Fare well planet Earth

Wildscreen's photograph of David Attenborough at ARKive's launch in Bristol, England © May 2003 [CC BY 2.5 (http://creativecommons.org/licenses/by/2.5)], via Wikimedia Commons
Wildscreen’s photograph of David Attenborough at ARKive’s launch in Bristol, England © May 2003, via Wikimedia Commons
Planet Earth 2 ended last night with a programme on urban wildlife – it was brilliant, as we have come to expect. Leopards catching pigs in the city at night – wow!  Pigeons getting eaten by Catfish and Peregrines – wow! And it allowed some messages about how our species lives with other species on our shared home to be inserted in a less clumsy (‘…and here is the preachy bit’) way than usual.

As one looked over Sir David’s shoulder, down the river to Whitehall, I didn’t see any light bulbs going on in our own seat of power. Not much space for wildlife between our decision makers’ ears even if Andrea Leadsom’s daughter is a fan of Sir David.

And Claudia Frangapane met her own extinction in Strictly leaving Danny Mac, Ore Oduba and Louise Redknapp in the running, skipping and hopping around contest.

As our species struggles up the beach of life in search of the Glitterball trophy we must look to any neutral observer like Hawksbill turtles who have spotted the wrong light on the horizon.



7 Replies to “Fare well planet Earth”

  1. I watched the Singapre segment with all those fabulous green buildings and giant parks on top of skyscrapers, and all I could think was “Imagine the shit fit that the planners and the tabloids would pitch if they suggested that in the UK”. Nodnol cannot even get a bridge with a few plants on it approved without a fight by the timid and terrified of change. Anything which is not 100% familiar and completely middle class dull is rejected out of hand for being too different.

    I wish we could do more to green our cities and towns. No building without at least some portion of green roof, strong enough to support at least a couple of small trees or large shrubs, should be allowed for a start and work up to awe inspiring works of art in building form. I would strongly support a scheme to release pine martens into the heart of London and other cities (plenty of food for them, and habitat too), not to mention that Hen Harrier brood meddling should be allowed only if there are buildings with heather roofing on them the birds could be rehoused onto. Imagine urban hen harriers, something we actually could see from our windows.
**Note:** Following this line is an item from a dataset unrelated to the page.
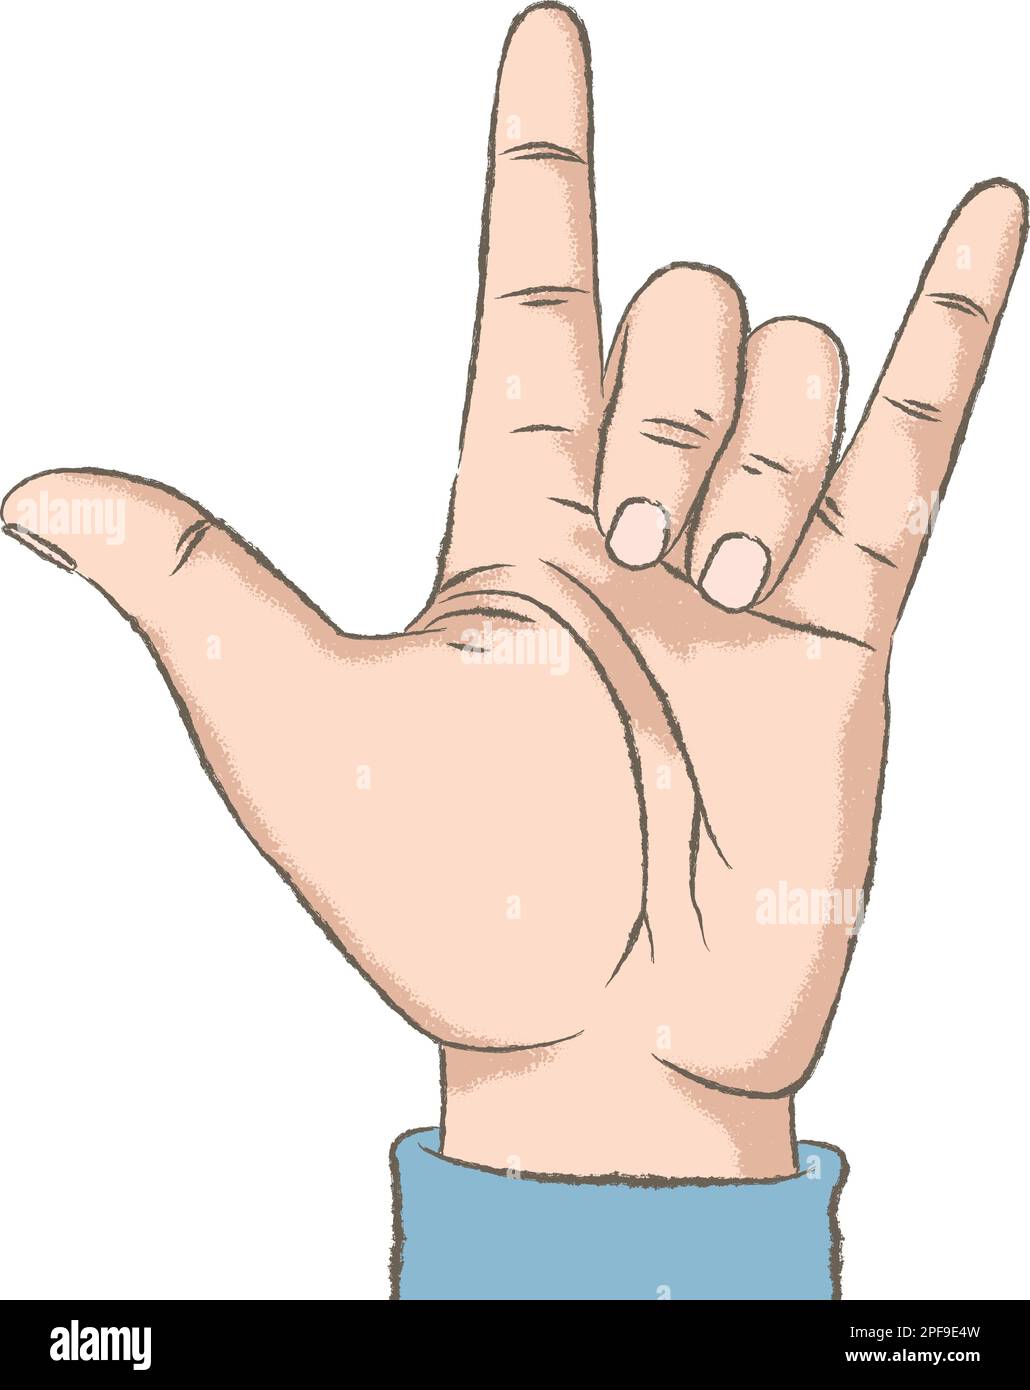 Illustration de couleur rétro avec une texture rugueuse d'une main montrant le signe I Love You, ou Rock. Illustration de Vecteur

    I’d suggest a few leopards released into London too, but I’m afraid the Essex set would just skin them for sofa coverings and miniskirts.

    1. Staying in a cottage in County Clare some years back we experienced sharing with a pine marten. He/she would return to their attic lair at an ungodly hour even earlier than WE wanted to get up. So much racket, scratching and settling down just above our bed……….I don’t recommend it as a permanent arragement!

  2. I thought the series has been great, but two moments in particular have really touched me: the howler monkey dad rescuing his daughter and the second was the mother raccoon showing the kit how to climb the gate rather than just picking it up by the scruff of its neck. I think it might be to do with me having two small children, but in both cases I felt very strong empathy for the parent.

    There were other moments throughout that were just brilliant, those peregrines, wow.

    1. Was anyone else touched by the mutual empathy displayed in India by both primates and humans when the “rations” were being shared out. Sublime, I thought.

  3. Hmmm! Sorry, I don’t share your unqualified support. Unless the people who manage the light-switches in Whitehall are hit with a huge wave of public opinion then the lights will stay dim and Attenborough’s contribution will remain as a beautifully crafted and exquisitely filmed piece of light entertainment. For me Mark, I’d rather watch you poking them in the eye. Otherwise it’ll be, “Farewell planet Earth” and not just, farewell ‘Planet Earth’.

    1. “For me Mark, I’d rather watch you poking them in the eye.”

      This seems to imply that the two things are mutually exclusive. Of course we need people to kick and scream about the dire situation the environment is in but it is also sane and healthy to take the time to appreciate the wonder and beauty of that environment and the myriads of extraordinary plants and animals that live in it. Attenborough’s programmes show that there is something wonderful to give a shit about. It is worth bearing in mind that (in contrast to the typical reader of this blog, perhaps) most people have very little direct contact with nature and so seeing it on tv at least creates a possibility that they will recognize that the extinction of species really matters. When it is just words and statistics it will leave many people unmoved but almost anyone can be touched by footage of, say, an elephant with her calf.